I hum. “And we're how far from Valdenwood?”
There's a wry humor in his answer, “Day or so's ride.”
Two days between towns. Well, two days between towns with an old, slow donkey carrying you. I look out onto the lake and once again see the white sails pushing their crafts along the waters. Just as drily, I say, “Thanks, Harlan.” and he snorts. I drop back down into my nest and kick up a little cloud of dry, husky dust as I do. Valdenwood is on the eastern shore of Lake Viara, that much I know for certain. If I'm remembering right, and I'm not sure that I am, Amberdusk is on the northern shore. Since Port Viara is to the south, that leaves only the western shore to house Sockeye Bend.
I don't know anything about Sockeye Bend. I don't know anything about the other towns, either.
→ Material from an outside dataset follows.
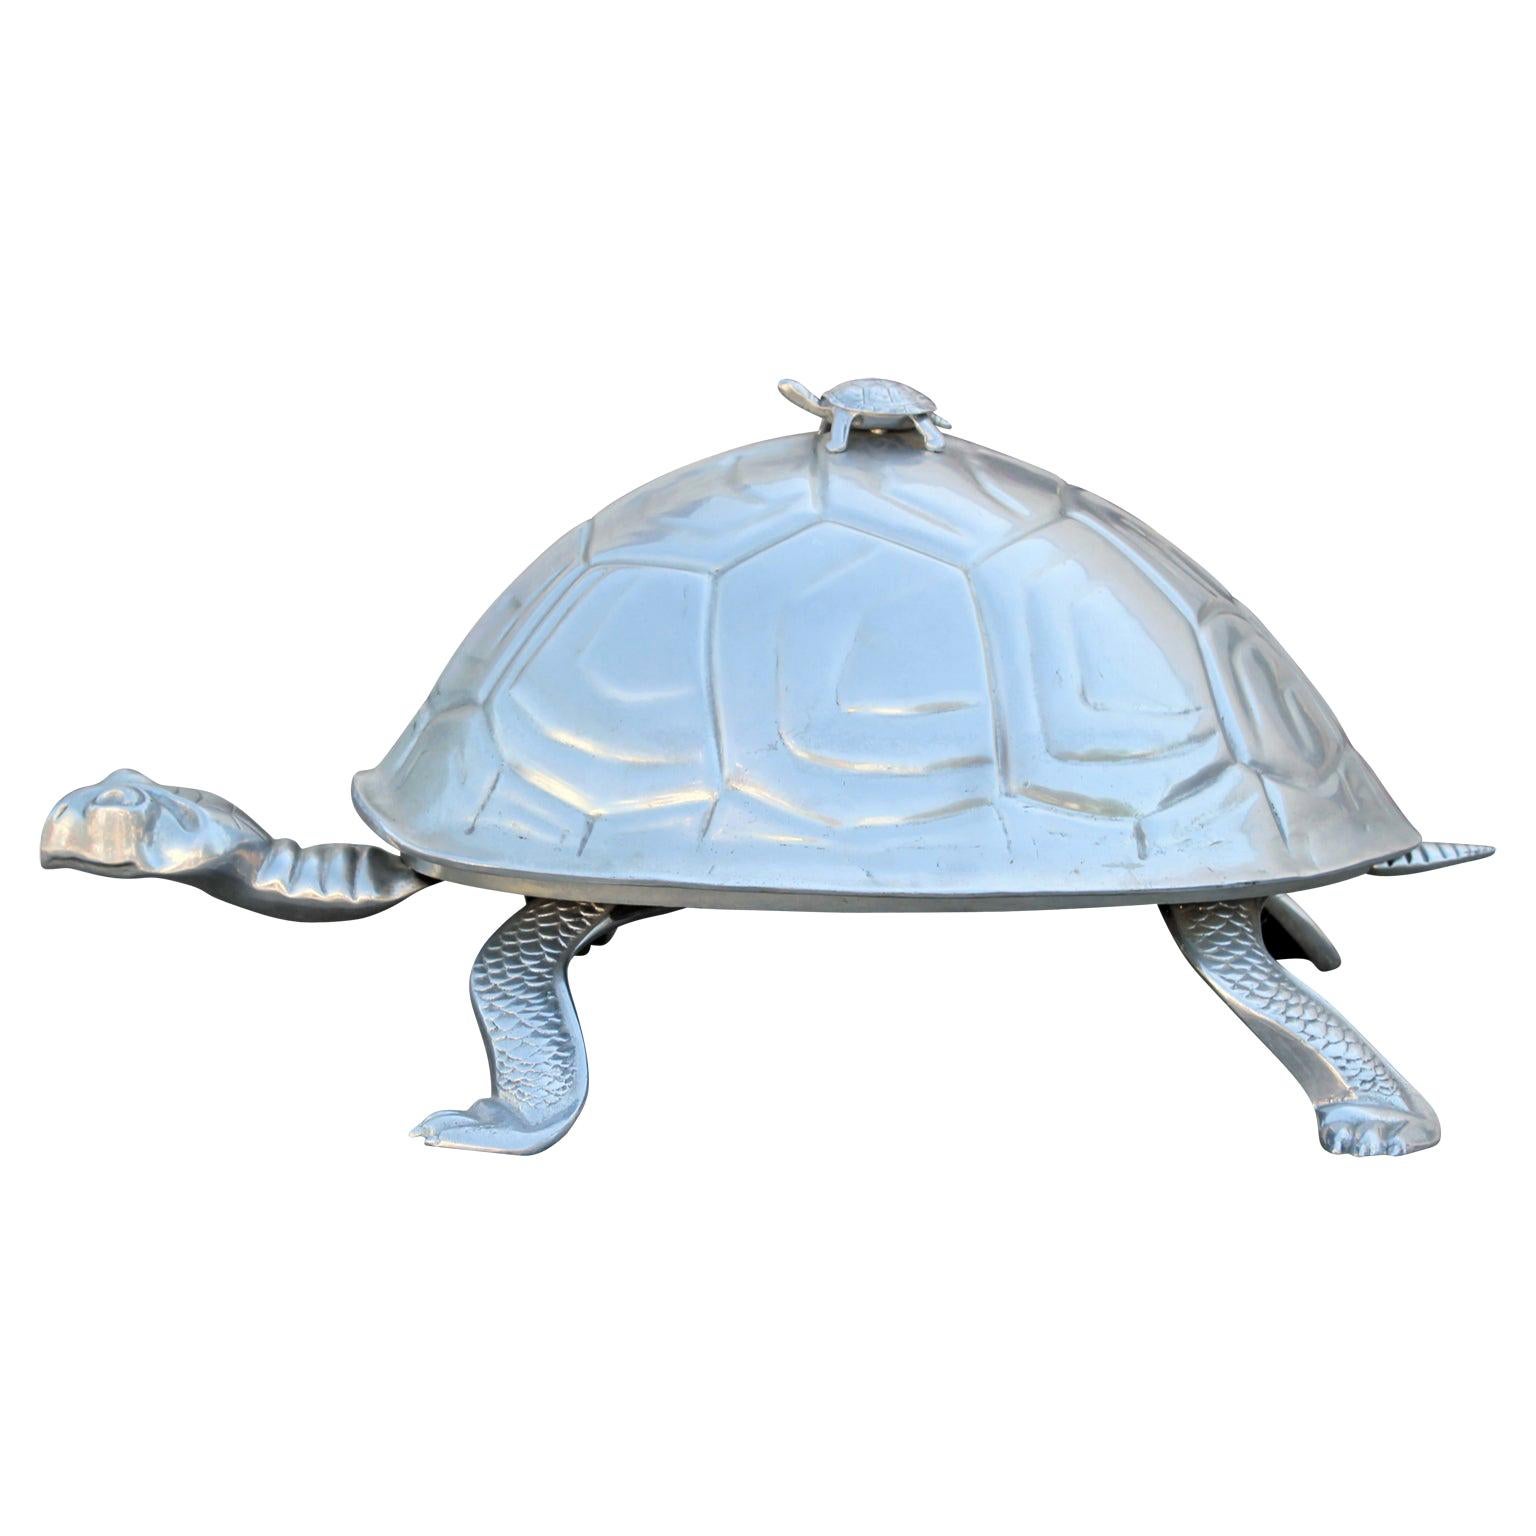 Monumental Arthur Court Silver Aluminum Turtle / Tortoise Serving Centerpiece

Could fix that, I suppose, after I visit the Royah camped outside Port Viara. There'd be no reason not to go. Of course, there'd also be no reason to go. I could go anywhere I choose. Turn right around and go back to Valdenwood, make a living as a bard. It's not hard to imagine: sitting on a stool in a packed room aglow with golden lamplight, smoke and conversation thick in the air, my awful poetry drawing laughter from the crowd. Night after night, singing for my supper.
It doesn't sound so bad.
Night after night.
Yes it does.
It sounds like a cage. Easy to imagine: Up above a crowd of drunkards filling the air with their slurred, hooting stupidity, presenting myself like a prize sow and begging for their charity. Tobacco's stench in the air, griming up the walls and filming over the lamps' glass. Sticky floors, spit and spilled drinks clinging to the splintered wood.
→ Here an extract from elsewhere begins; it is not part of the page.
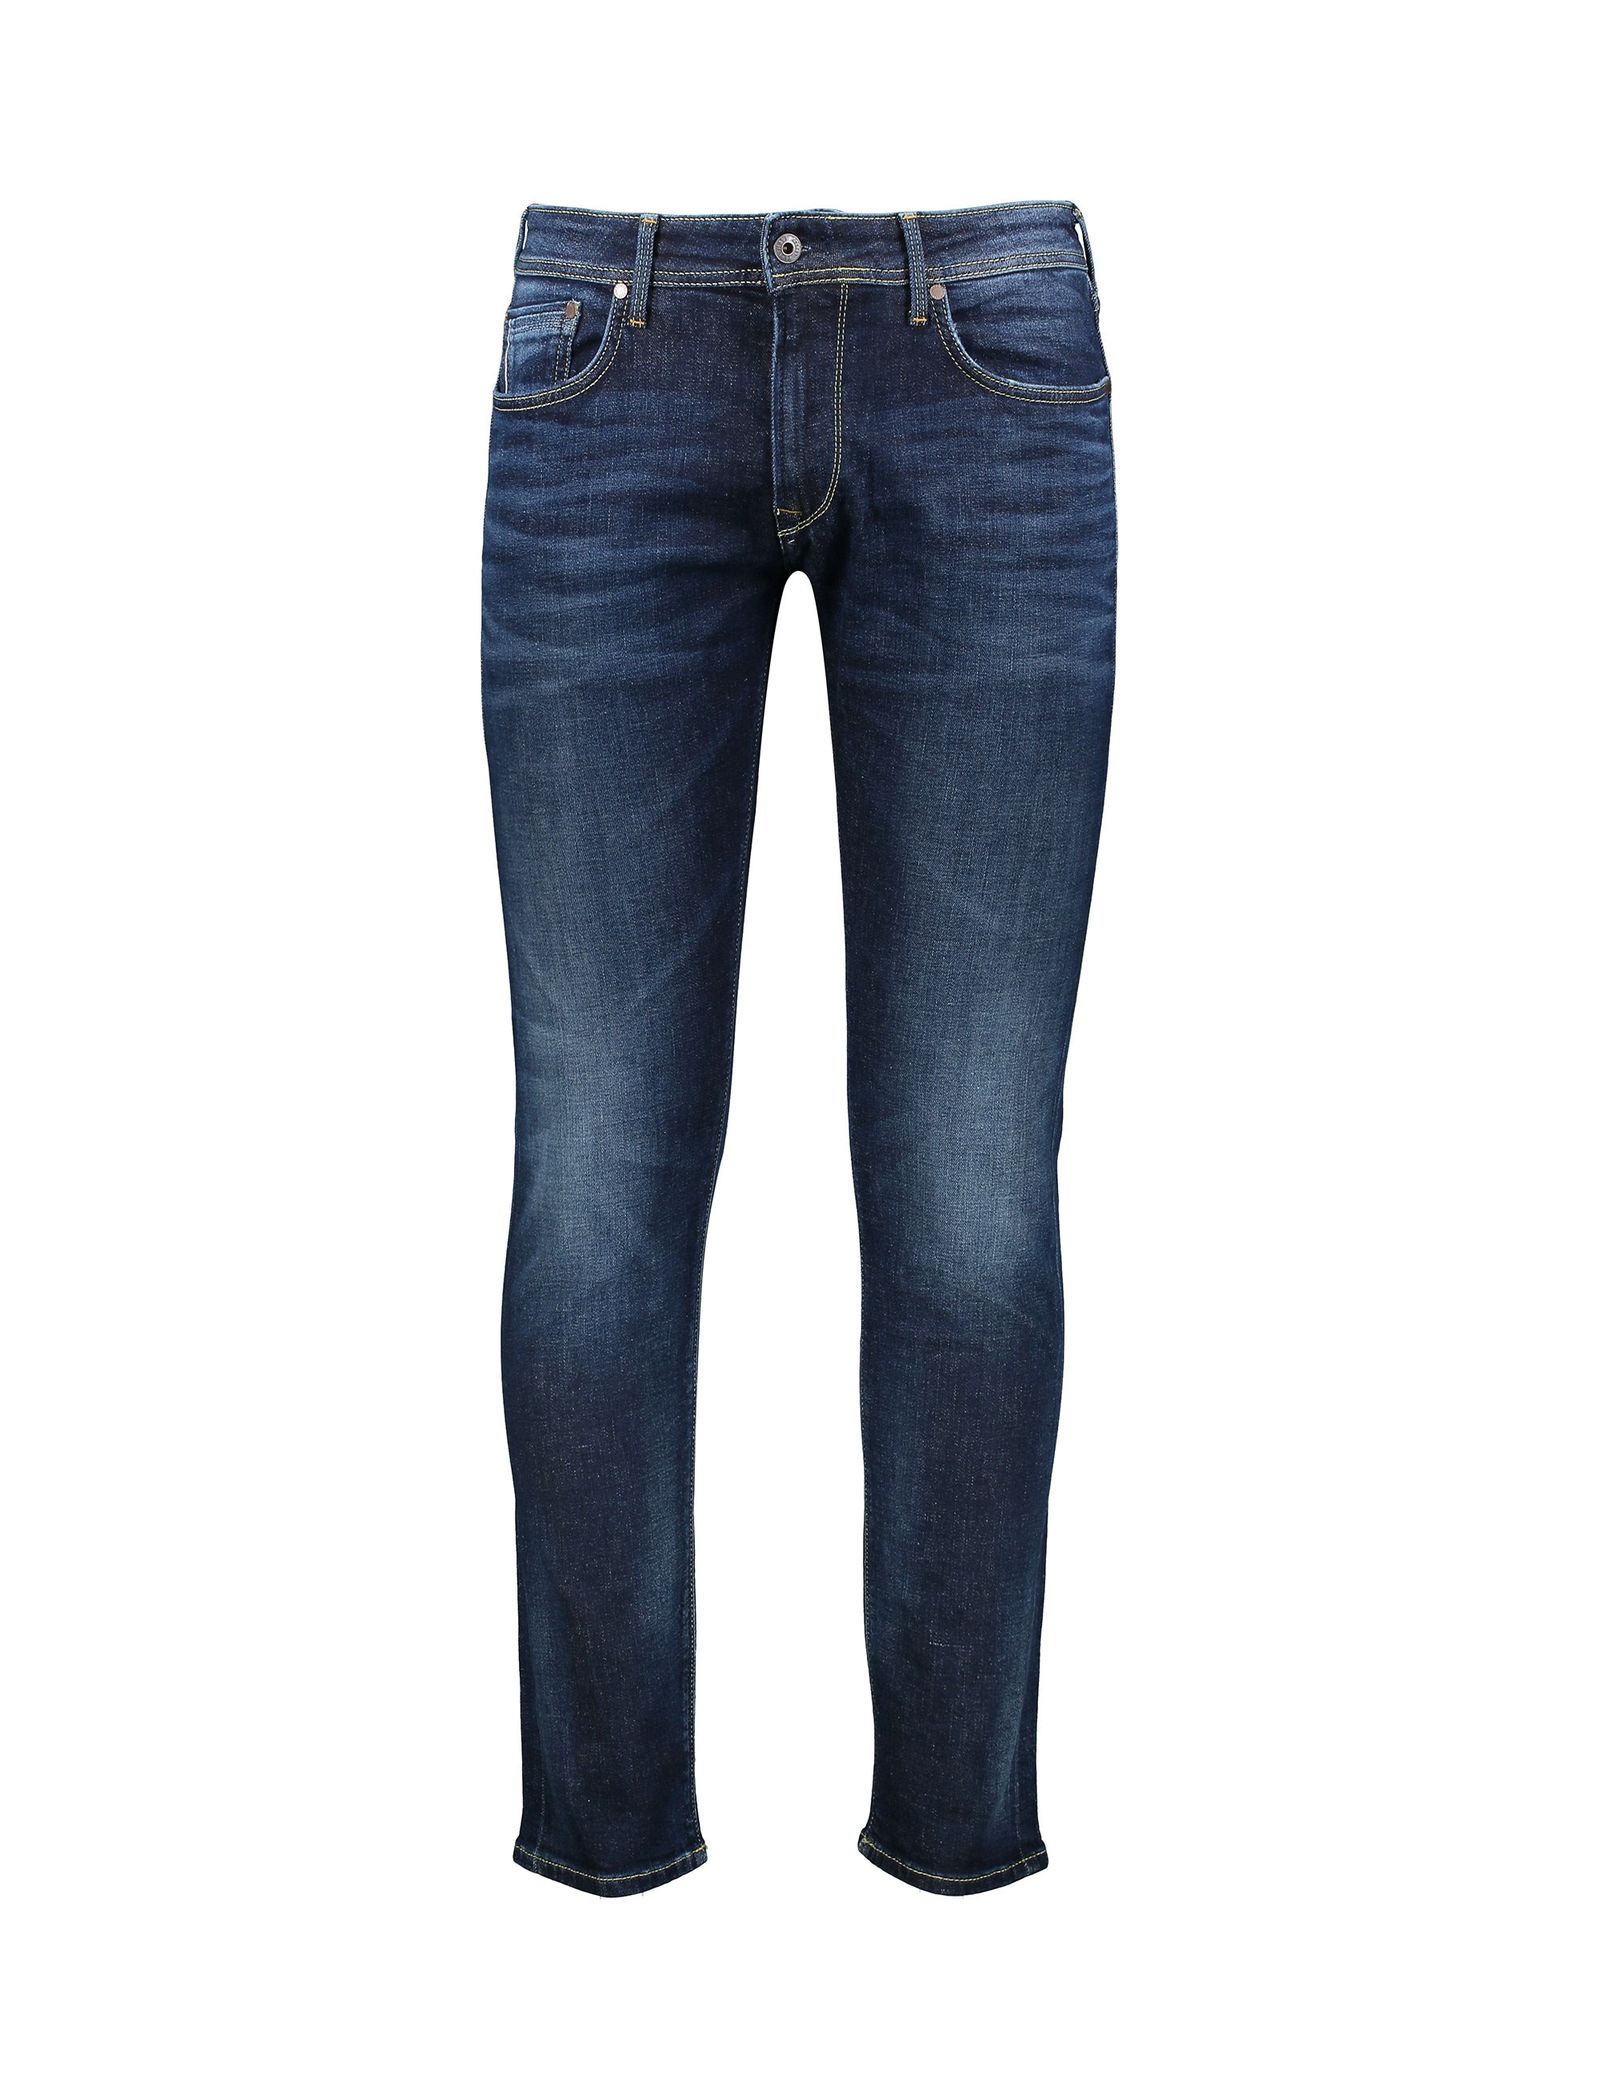 شلوار جین راسته مردانه - پپه جینز - سرمه اي - 2

No. No, I won't be staying. I want to see mountains. To stand at their feet and crane my head back so far my neck hurts from it, just for the barest glimpse of their clouded peaks. I want to climb as high as I can and feel the thinning air bite with true cold's teeth, my ears ringing with the keen and howl of wind through the crags. I want to go to the city-kingdoms and lose myself in their ancient streets. To see the scarred buildings, the centuries of collapse and rebuild. I want their libraries, their histories at my fingers.
I want the desert. It's blazing heat baking ruby-red sands. The roads of turqouise, arrow straight and glassy for hundreds of miles, glowing bright in the sun. I want to scorch my hands with fistfuls of sand and let it slide between my fingers.
So, so much more than one, small town. That is what I want. Valdenwood may have its charms, as might Amberdusk or Sockeye Bend. Nice enough to visit and stay awhile, but not enough to keep me. I am a child of my people. The road is mine. All my years to wander. All my years to roam.
The day rolls on in quiet, my mind filled with dreams of where I'll go and what I'll learn. The grumbling roll of wooden wheels in earthen ruts, the rock and squeak of the wagon's sway, the resentful bray of an old donkey, these sounds sink into me and carry me along as the road unfolds behind us. It's peaceful, meditative, and I'm content as I watch the sun as She journeys across the sky, drawn out of it by Harlan grunting and saying, “There.”
I sit up and twist around, see that he's pointing at something, and follow his finger. I need to squint, but there on the horizon is a smudge of dark color. It's so distant and faint that it's undefined and far too small, but there's only one thing it can be. “Valdenwood.” I breathe, and Harlan grunts. It really is like traveling with the elk. Only my feet hurt less and I don't have to walk.